** Opening Given information block **
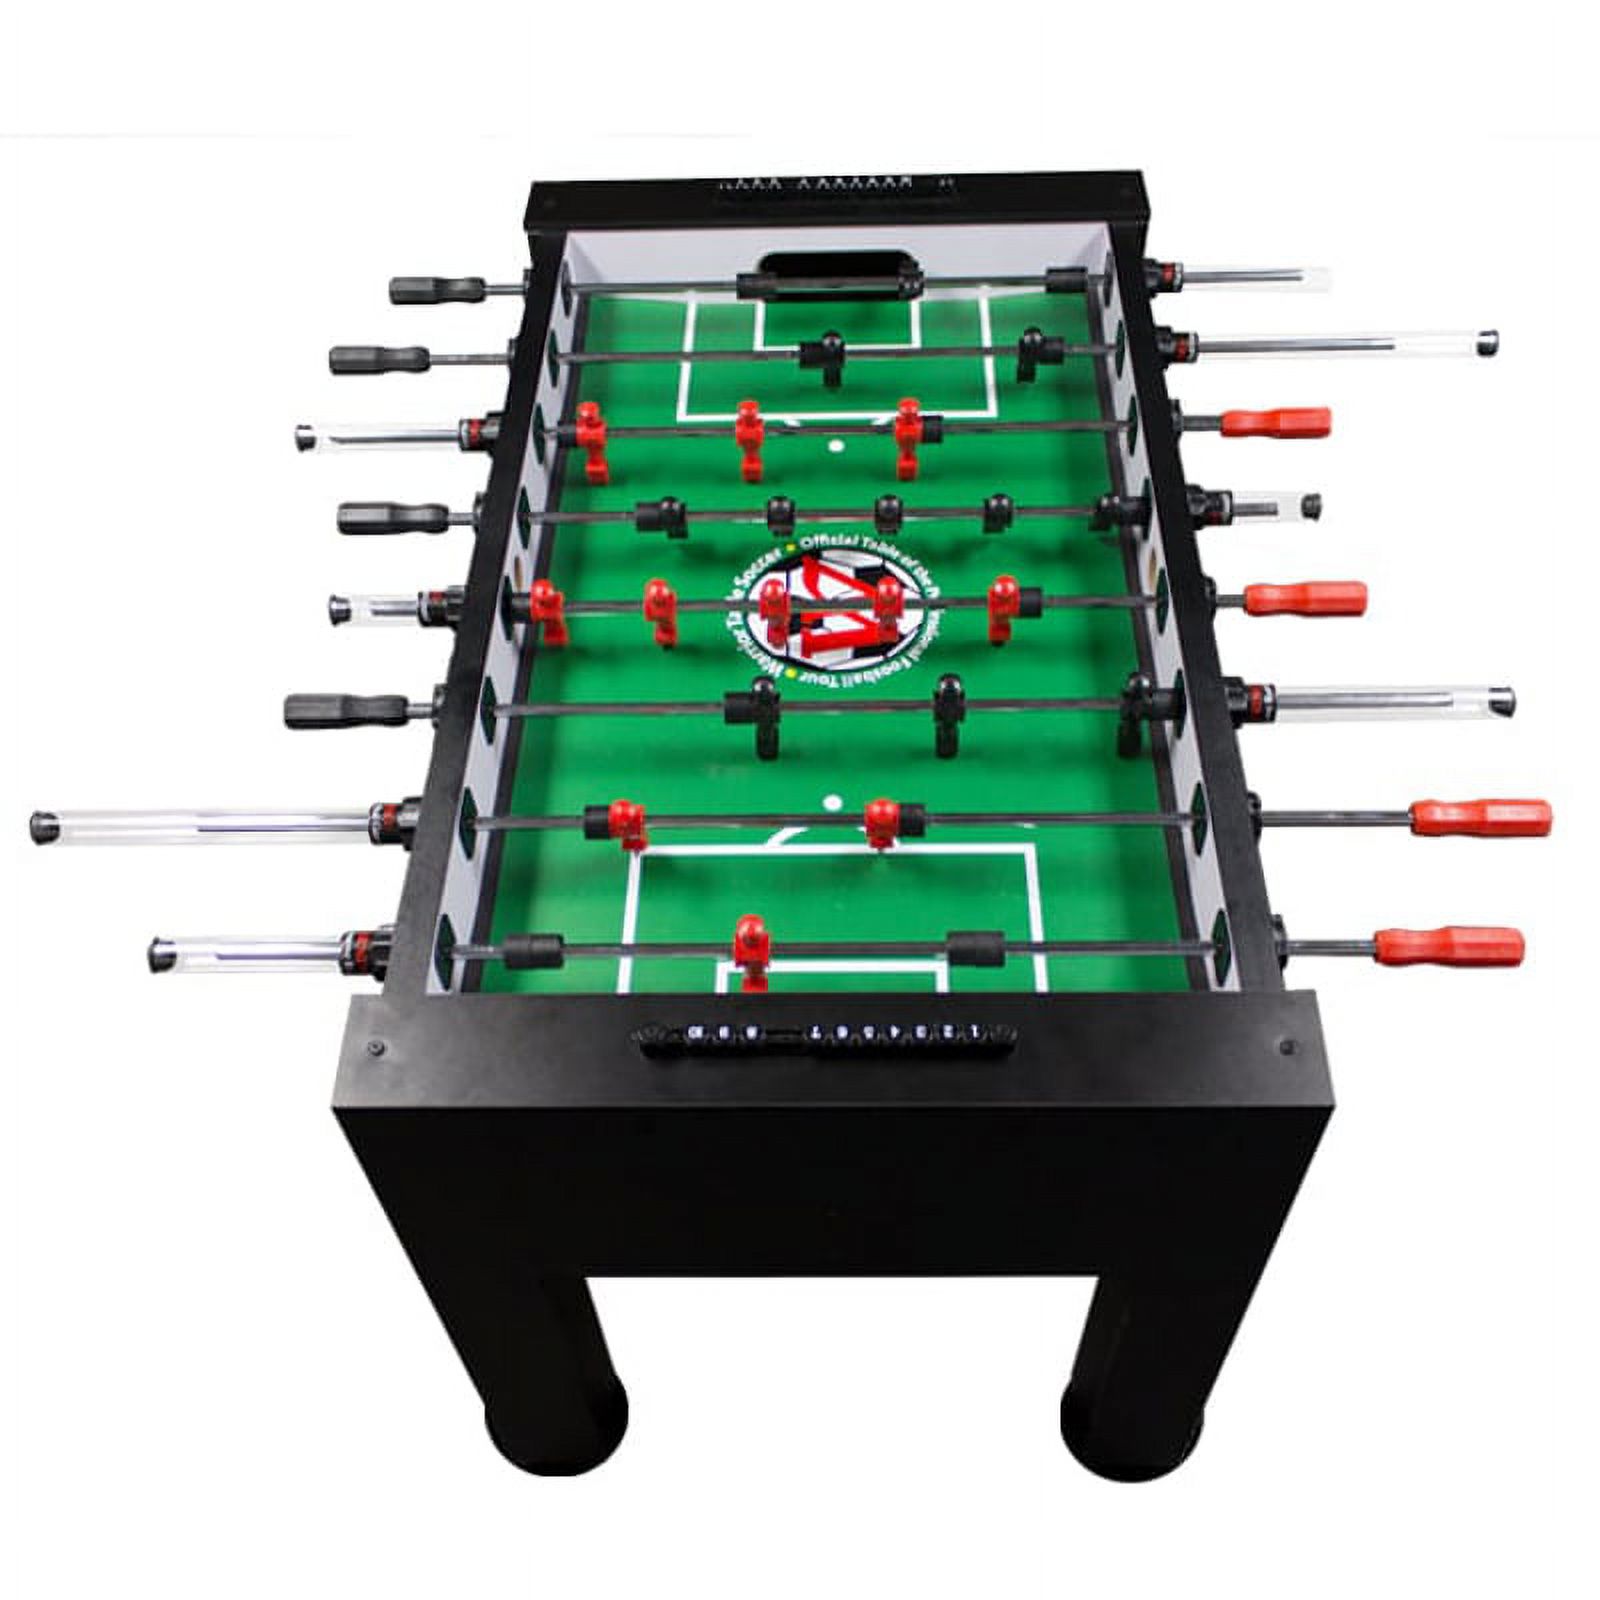 Warrior Table Soccer Professional Foosball Table - image 3 of 7
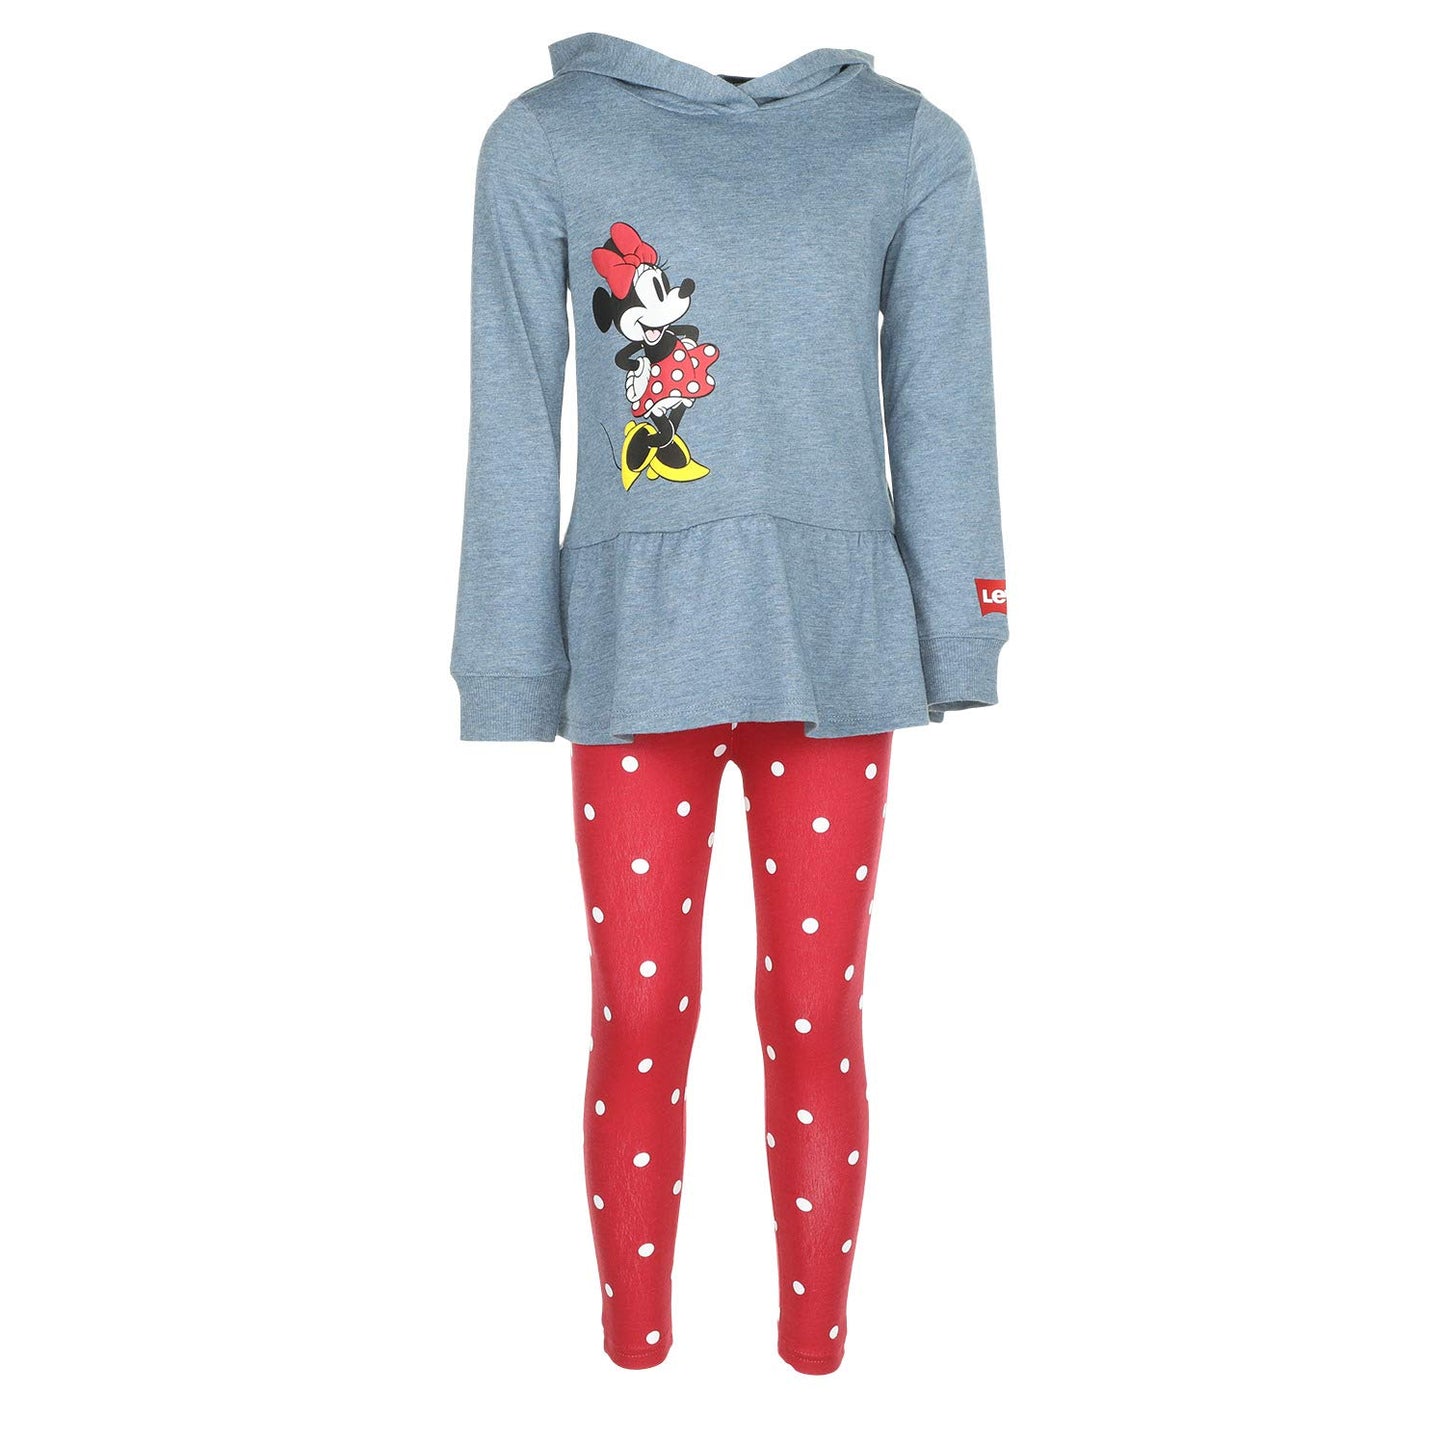 Image 1 of Levi's x Disney Minnie Mouse Hoodie and Leggings Set (Little Kids)
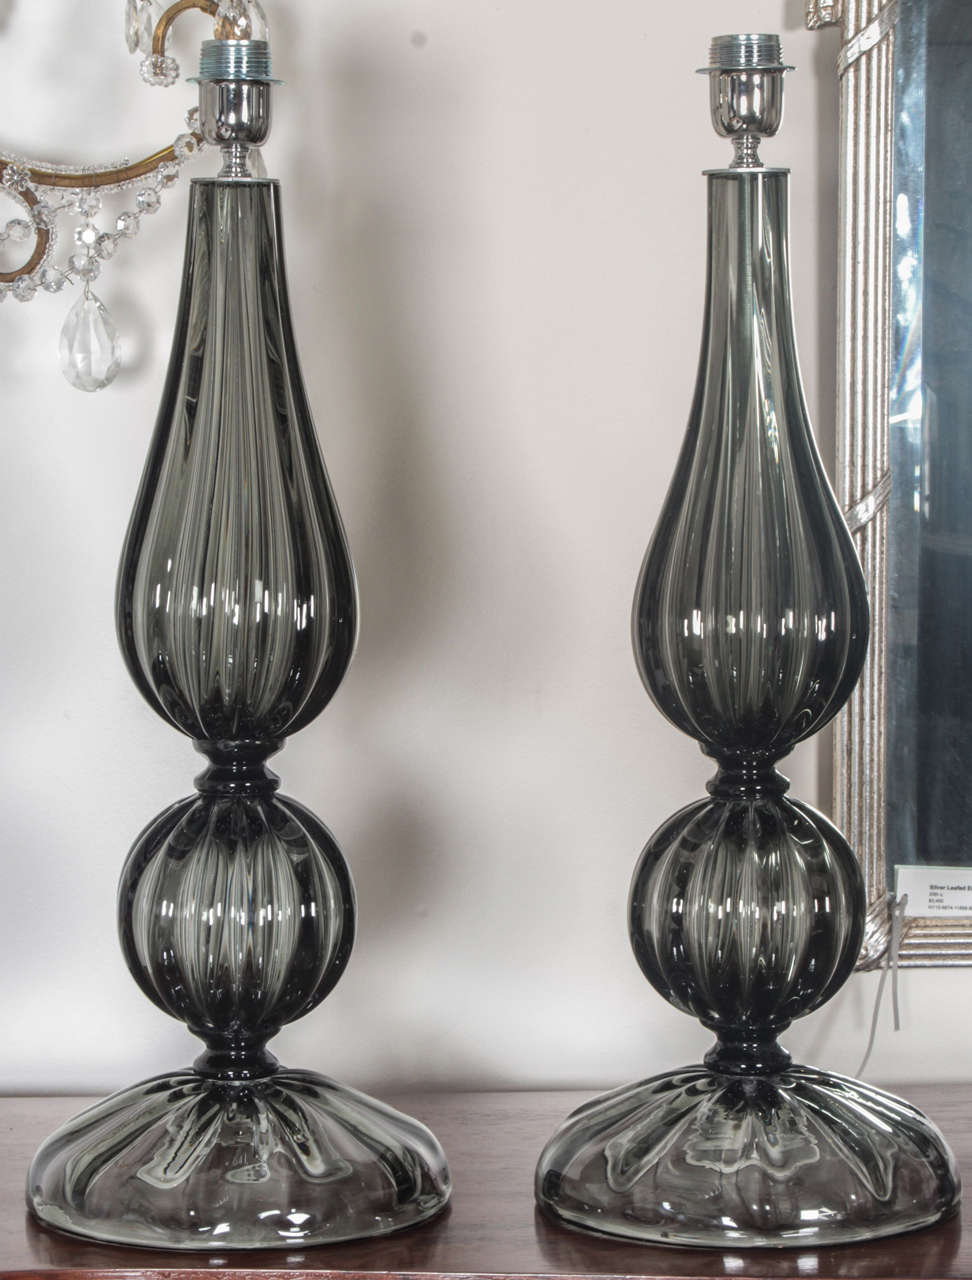 Flawless pair of hand blown Murano glass lamps in a smoked, dark gray 
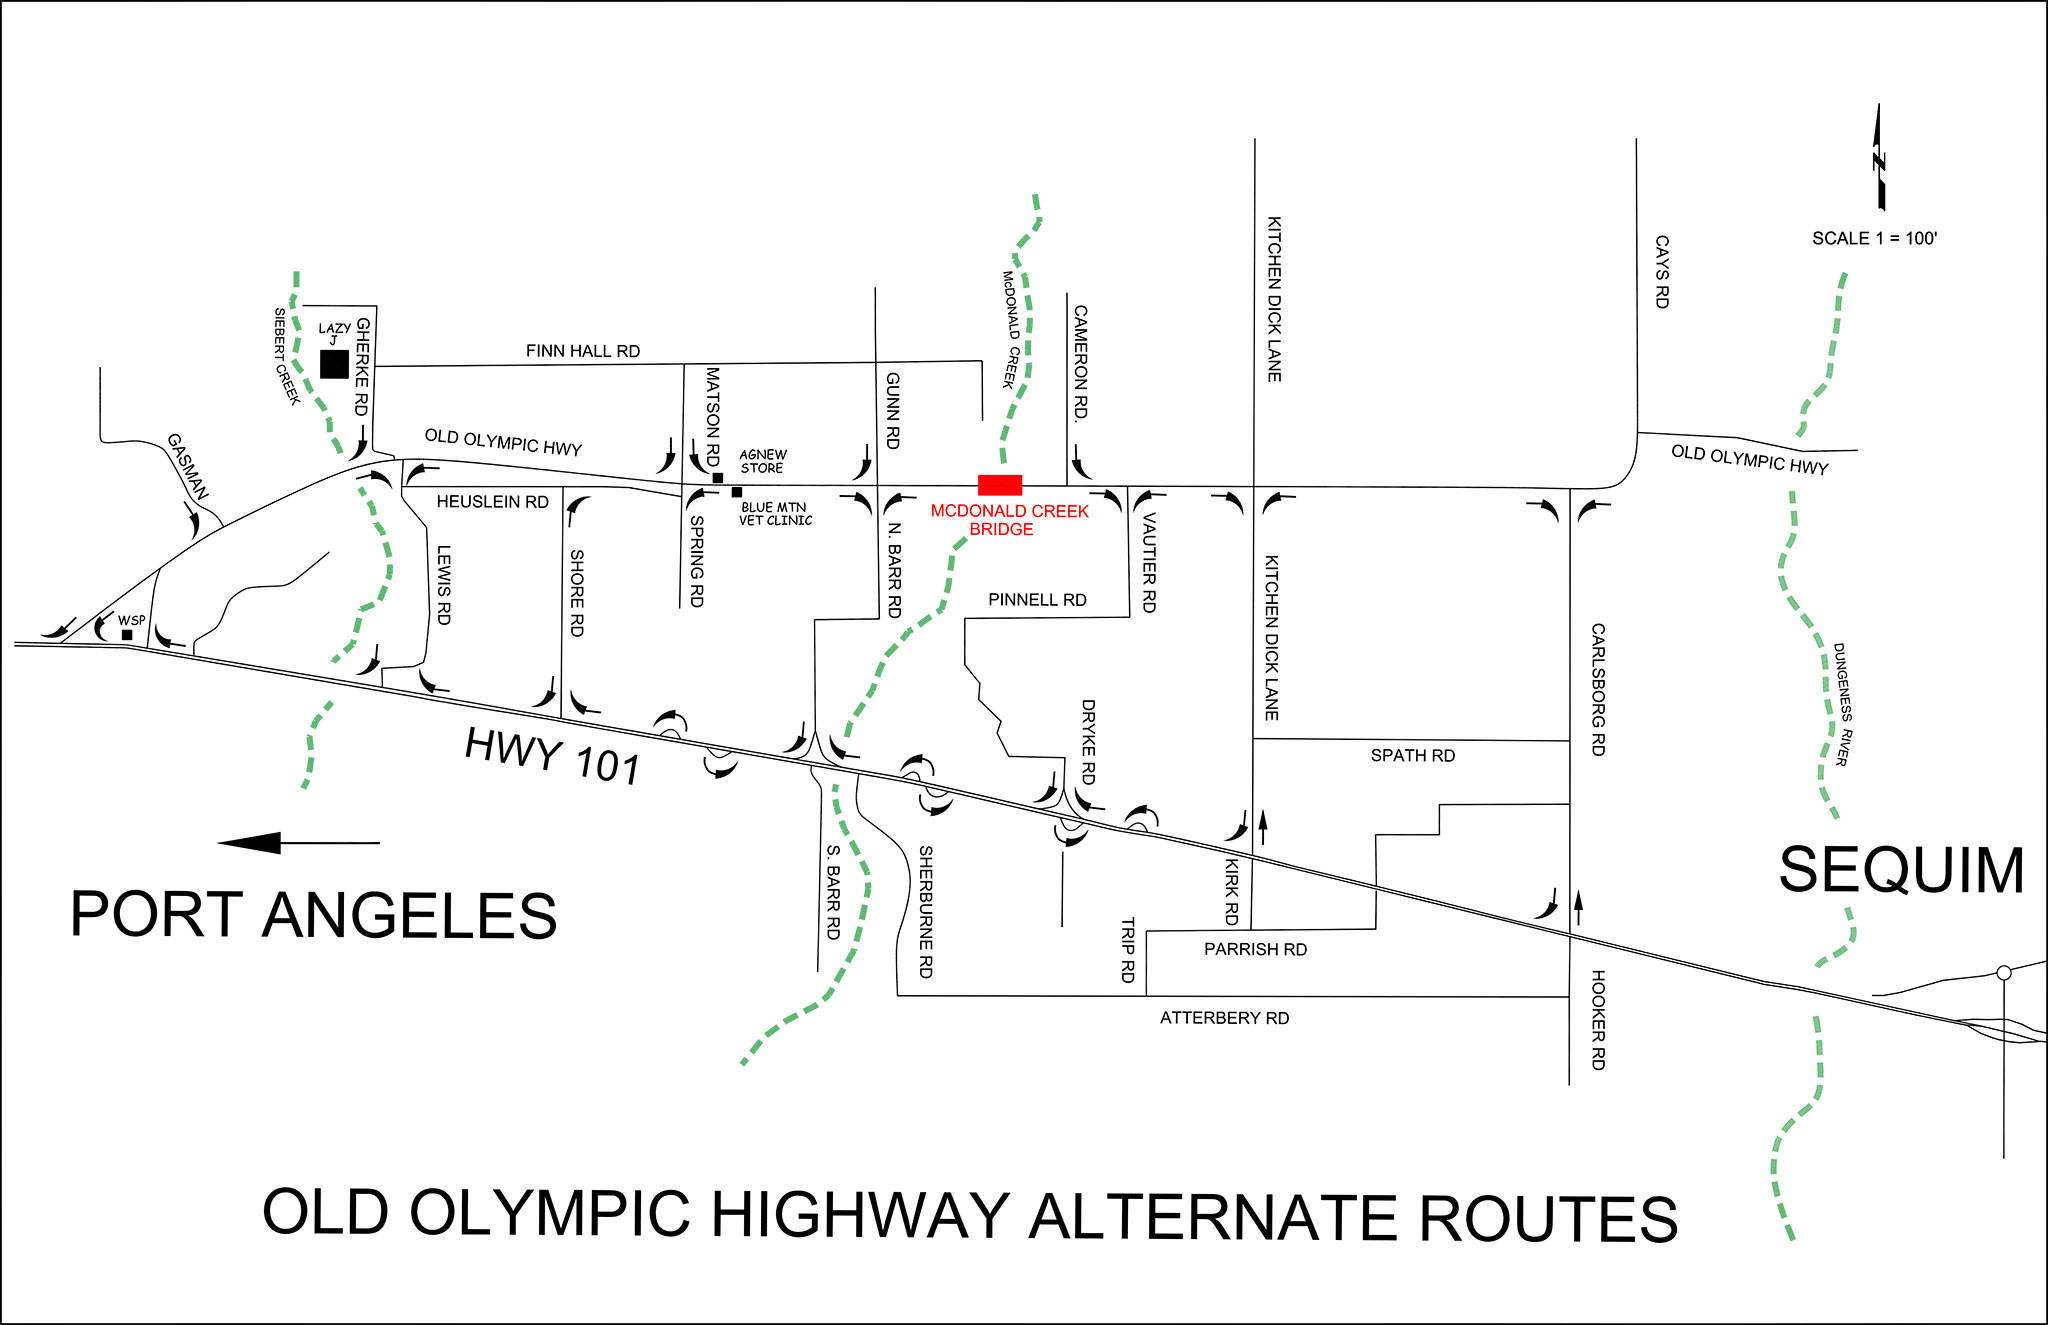 Clallam County officials plan to put out signs referring drivers to detours around the McDonald Creek Bridge closure along a portion of Old Olympic Highway. Map courtesy of Clallam County
** Closing Given information block **
■ Activity ■
With the pictures removed, return the listing above in its exact original wording.

■ Solution to the problem ■
 Warrior Table Soccer Professional Foosball Table - image 3 of 7
 Image 1 of Levi's x Disney Minnie Mouse Hoodie and Leggings Set (Little Kids)
 Flawless pair of hand blown Murano glass lamps in a smoked, dark gray 
 Clallam County officials plan to put out signs referring drivers to detours around the McDonald Creek Bridge closure along a portion of Old Olympic Highway. Map courtesy of Clallam County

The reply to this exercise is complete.